If you or someone you know has been charged with possessing a weapon on school grounds, contact us today to discuss YOUR rights.
13 thoughts on “The Goslin Decision’s Impact on Possessing Weapons on School Property”
Well done Sir!!!!
What about the term “brandishing”. I noticed in some firearms cases the person is charged with “brandishing” a firearm. Since the defendant just slammed it down rather then point it at anyone it wouldn`t be brandishing would it?
There is no such thing as brandishing in Pennsylvania. No such law exists.

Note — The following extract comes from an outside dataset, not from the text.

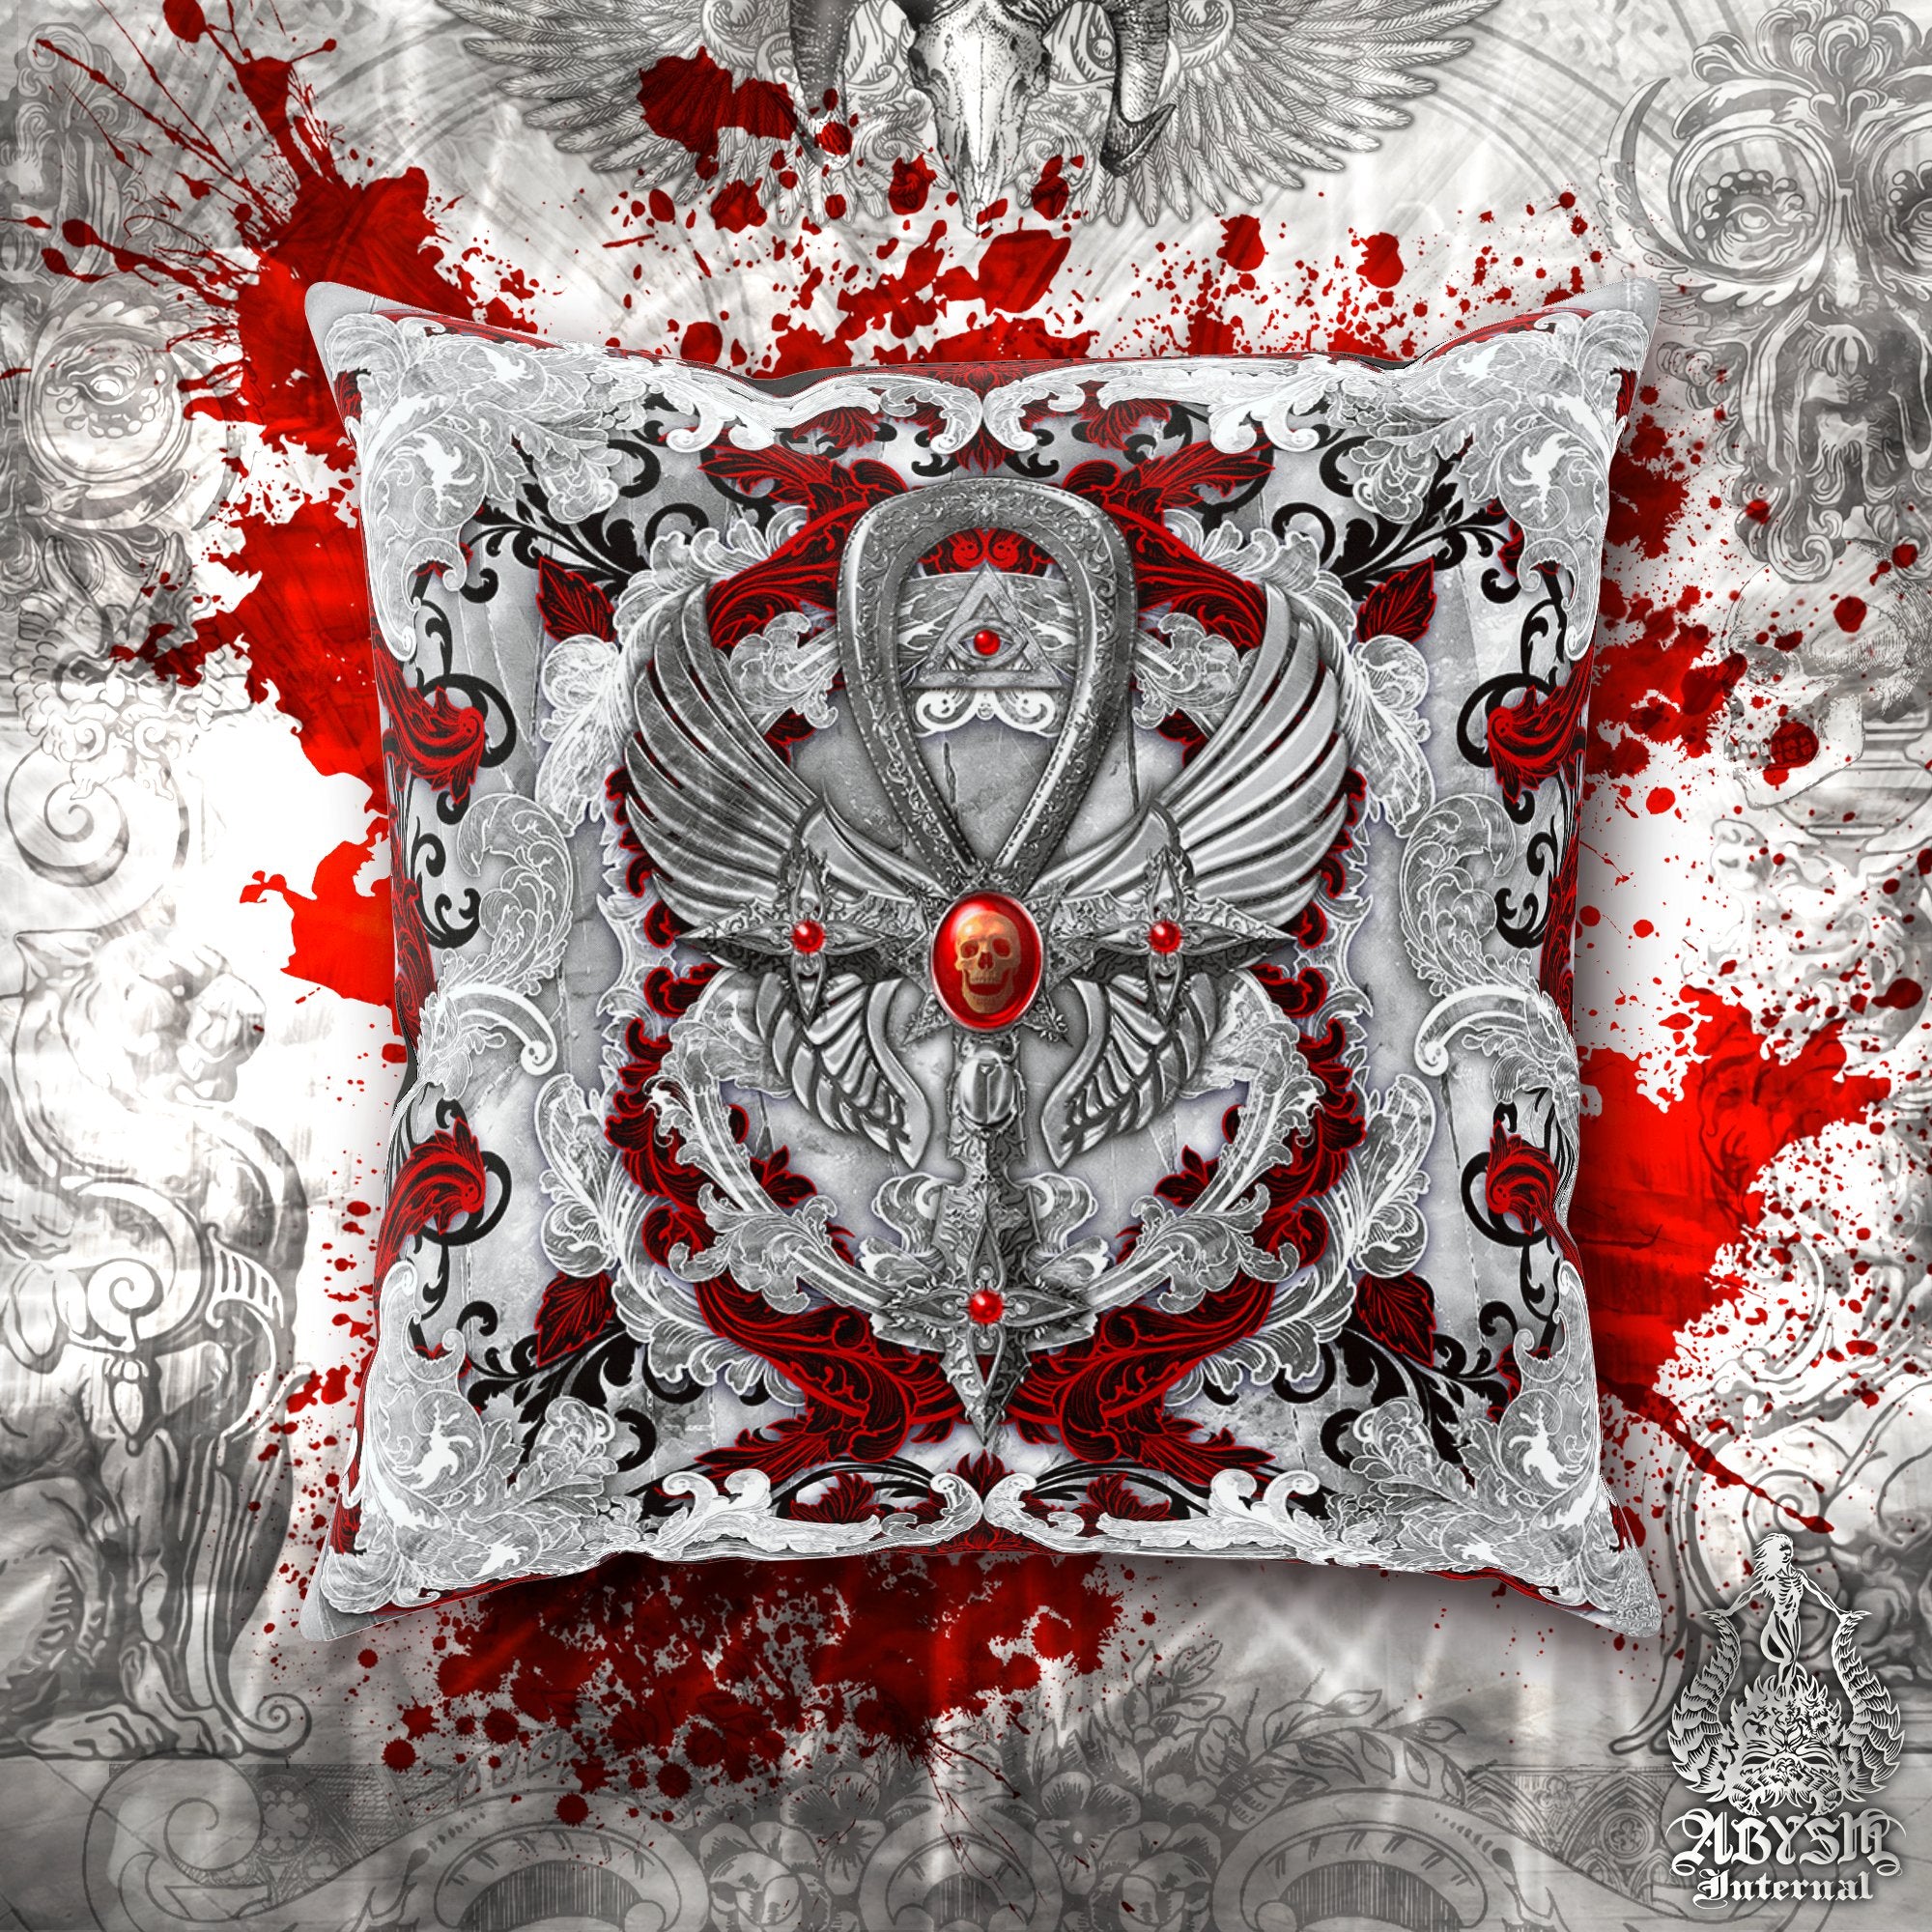 Bloody White Goth Throw Pillow, Decorative Accent Pillow, Square Cushion Cover, Gothic Room Decor, Alternative Home - Ankh Cross Art, Black, Red, 3 Colors - Abysm Internal

The 2nd case I know of was after Goslin was Dominique Jordon, with license to carry, student aide who had a Glock and ammo in backpack in school, was arrested, then charges dropped based on Goslin case and no cause for arrest.
Now, last week a teacher in Lebanon, arrested for having gun in backpack at school. It was not reported to have been arrested for not having a license to carry, so I presume he may have had a license to carry. The same 912c defense should apply. Hope he has a knowledgeable attorney.
That is correct there is no “brandishing” law ; although a person who shows they have a weapon with intent to threaten a person can be charged with various forms of assault or terroristic threats. Mr. Goslin did no such thing.
Did Goslin file a civil rights lawsuit? Or Dominique Jordon student aide in Delaware county with Glock and mags in school but licensed to carry, so DA dropped charges?
Now teacher in Lebanon charged with gun in school. No details on license to carry, but am presuming he has one. The police need to catch up with law.
I am a poll worker and due to the pandemic, our polling location has been moved to a school administration building attached to a high school. I have a valid LTCF and have carried a handgun for self-defense consistently for a decade spanning some 20 elections. Would this ruling sufficiently protect me should I continue to do so at this new location? Would the Montgomery County DA be likely to provide me with assurances that this is legal if I asked? Given the polarization in this country I’d certainly feel more comfortable remaining armed, but I can not afford to be a test case.